The big changes being seen with SWFs started around 2003, notably in the PE firms outside of Norway. Before then, there were few highly trained professionals with Wall Street or London banking or investment experience working in the Sovereigns. The shift began with the quality of people being recruited. Compensation packages improved as commodity prices started spiking, injecting more cash into the commodity-based Sovereigns. Today, better trained and experienced professionals are raising the standards in fund performance and transaction results.

However, it takes a lot of resources to manage new assets in Sovereigns, once they are acquired; the larger ones are not going to be able to manage those types of investments directly. They must utilize other vehicles. More situations will occur in which outsourced specialists will be needed to improve the on-the-ground operations of assets in order to increase their cash flow and drive EBITDA for better returns in a more time-sensitive investment lifecycle.

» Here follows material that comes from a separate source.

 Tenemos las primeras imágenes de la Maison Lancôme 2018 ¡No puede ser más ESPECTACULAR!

As with all investment classes, the pendulum will continue to swing in accordance with the highs and lows of commodity prices. With oil at over $100 per barrel for four years now, large amounts of cash continue to flow into commodity-based Sovereigns for investing purposes outside their own countries. Funds are being deployed into direct deals. Nevertheless, with the size of their capital pools, SWF managers continue to invest in diversified portfolios in order to fully participate in the global economy.

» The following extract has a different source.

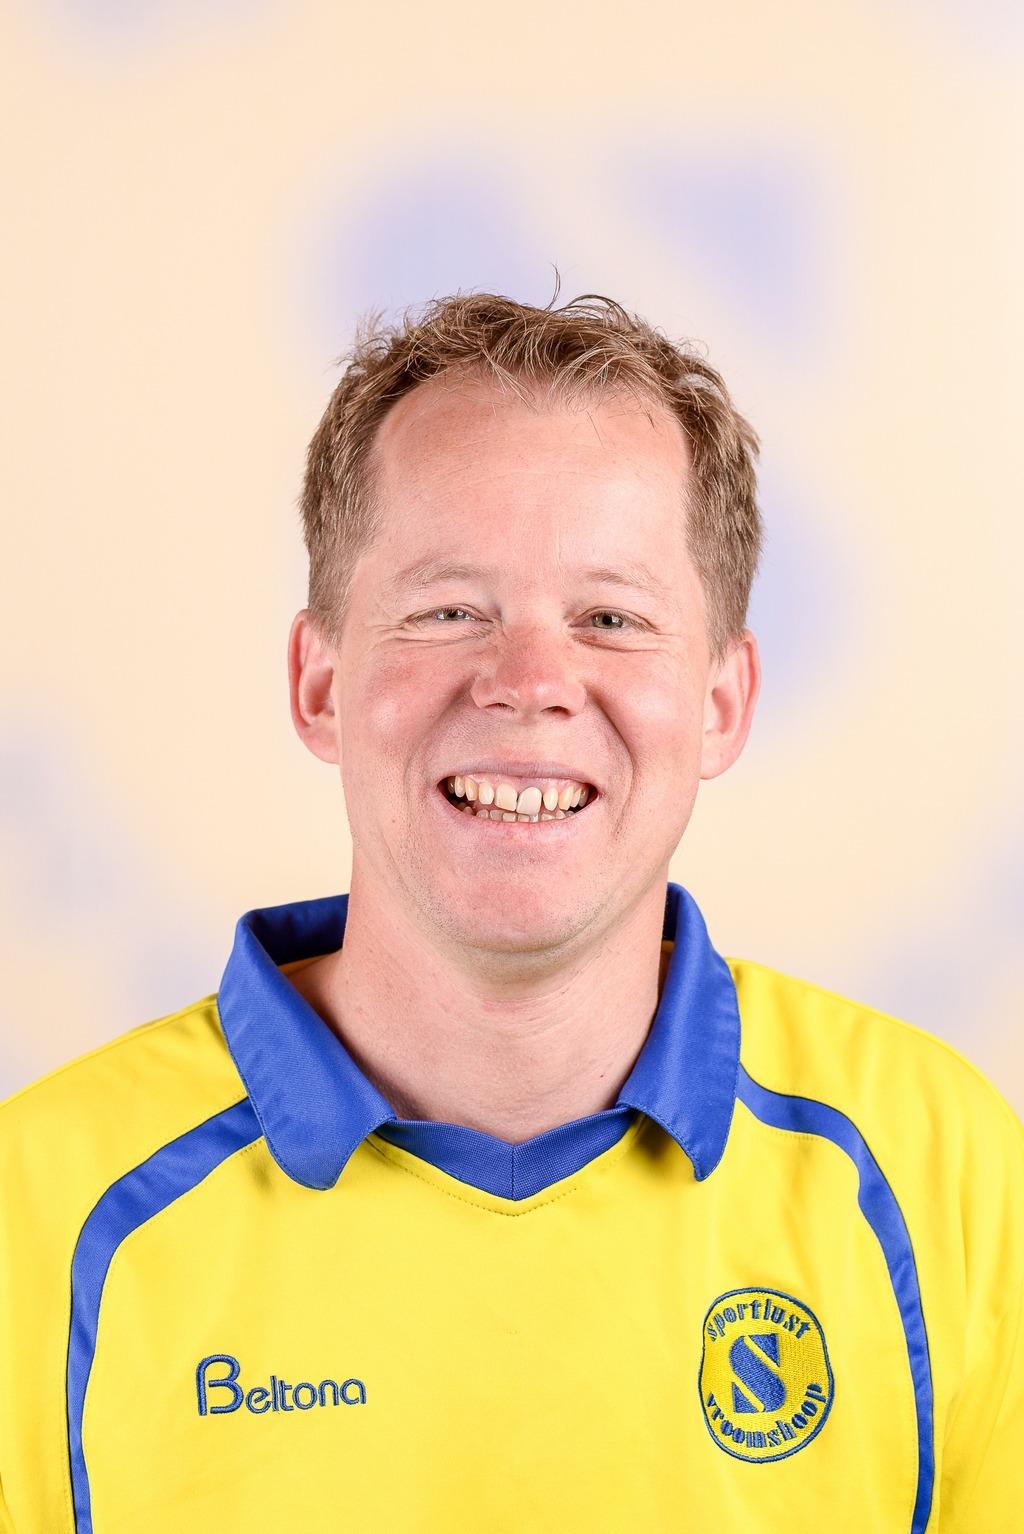 Herman Veerkamp

With the large Sovereigns in Norway, Abu Dhabi and China, there are PE groups that know those emerging markets well from experience. The Gulf-based Sovereigns are recognized as very sophisticated emerging market investors, due in part to their different view of risk as compared to U.S. or London-based institutions. They are always searching for good opportunities that are accompanied by strong management -- whether it's a PE managed fund or a large-ticket infrastructure opportunity in which they would participate directly.

Improving PE Firm Readiness for a Sovereign Wealth Fund Relationship
For PE firms, a successful relationship with a Sovereign Wealth Fund is akin to a marriage. It involves a protracted process of courtship in which both parties, the PE firm managers and the Fund managers, get to know each other. PE leaders need to exercise the personal touch of significant face time as well as develop a strategy for visibility in the markets to support ongoing disclosure and partner accountability to the Fund. Ultimately, SWFs are government-owned institutions that need to be regularly advised on the status of their investments. This is no more critical than when a situation, directly or indirectly, rises to the attention of the media. PE firms will do well to become vigilant about the sensitivities SWFs have for public scrutiny in any form.

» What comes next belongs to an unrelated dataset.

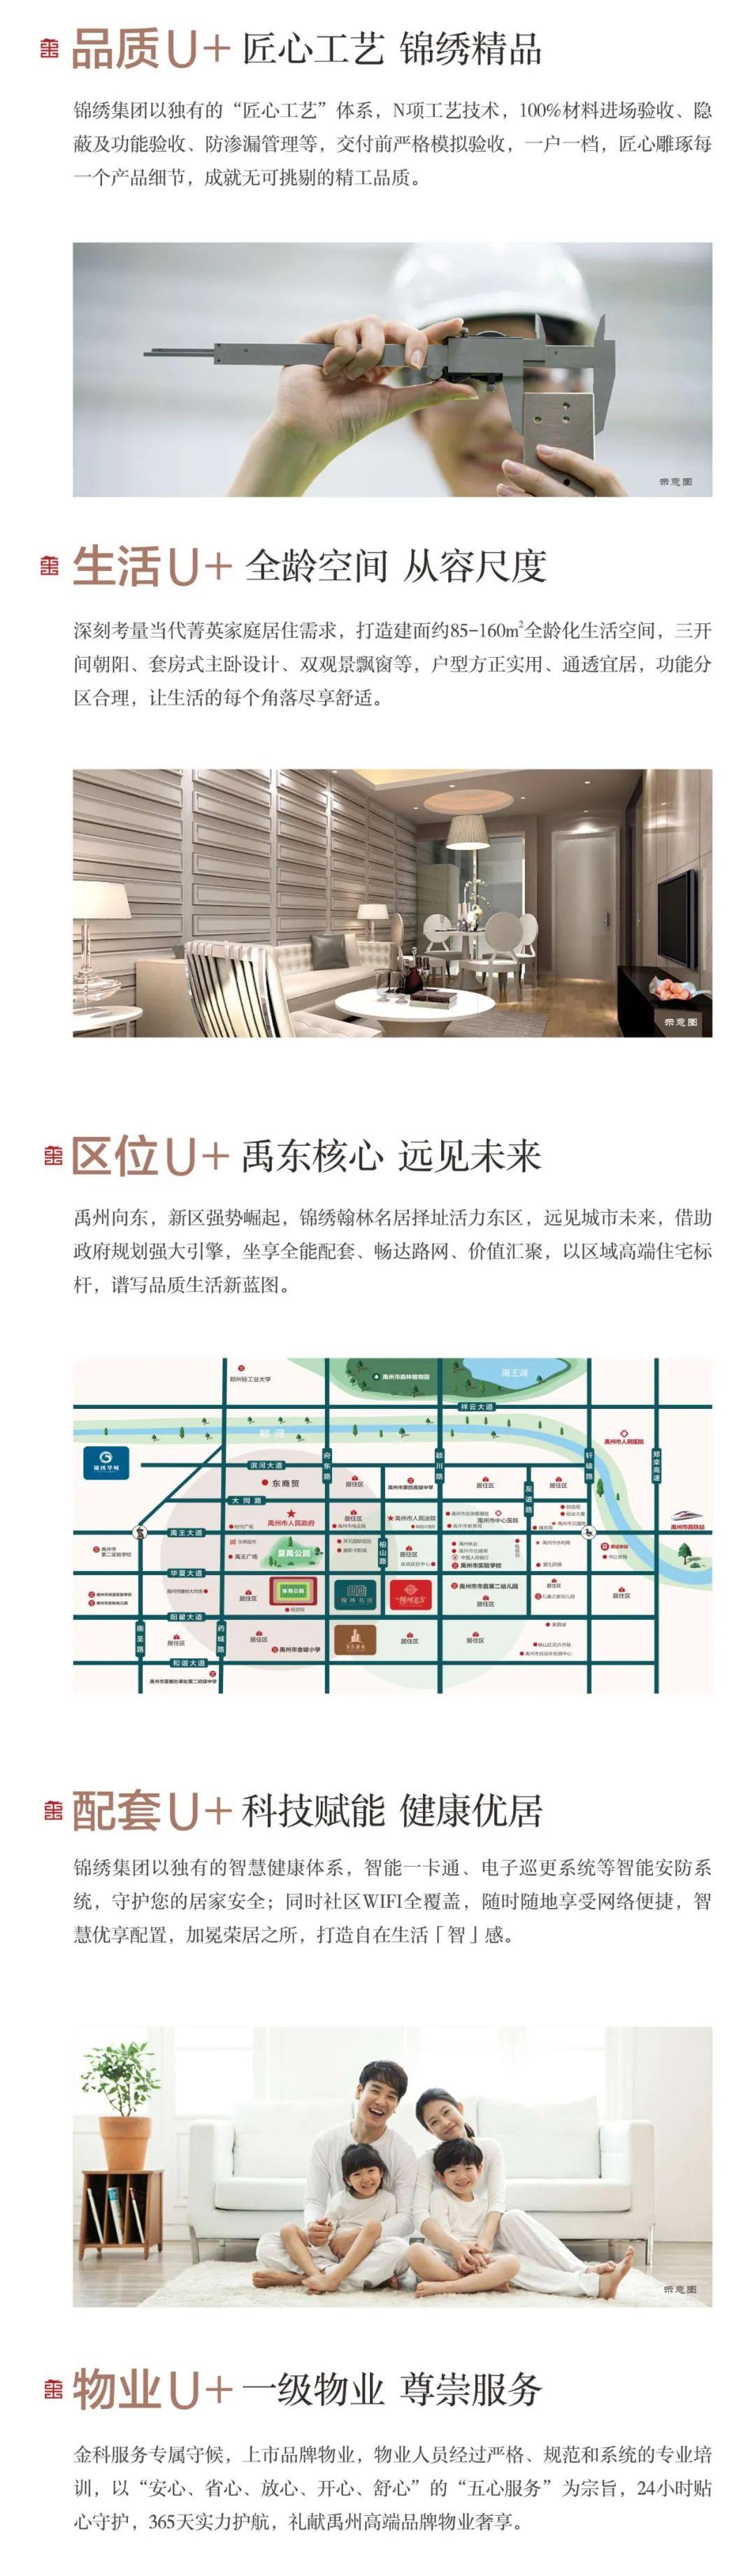 1月23日禹州锦绣翰林名居首推大捷 全城竞逐

Additionally, Sovereigns are increasingly focusing on understanding a PE firm's investment criteria in order to feel comfortable with the decisions that the PE team makes. They also evaluate the PE team's ability to adjust to the needs of the market place, such as adding value to portfolio companies and integrating sustainability practices. Since there is no longer access to cheap and significant amounts of debt, expanding multiples are harder to come by and more equity has to be formulated into transactions, PE leaders need to change their historic pattern toward portfolio companies. Those that perform analysis, operations and supply chain optimization, as well as sustainability initiatives, early on in the acquisition lifecycle will be viewed positively. Directly impacting how companies are actually operating on the ground will produce improvements that push the return profile of the PE firm up the quartile rankings.

The larger PE firms understand the relationship process with Sovereigns and continue to devote resources to getting it right. On the other hand, middle market PE firms looking to secure relationships with Sovereigns should focus on developing a long-term strategy.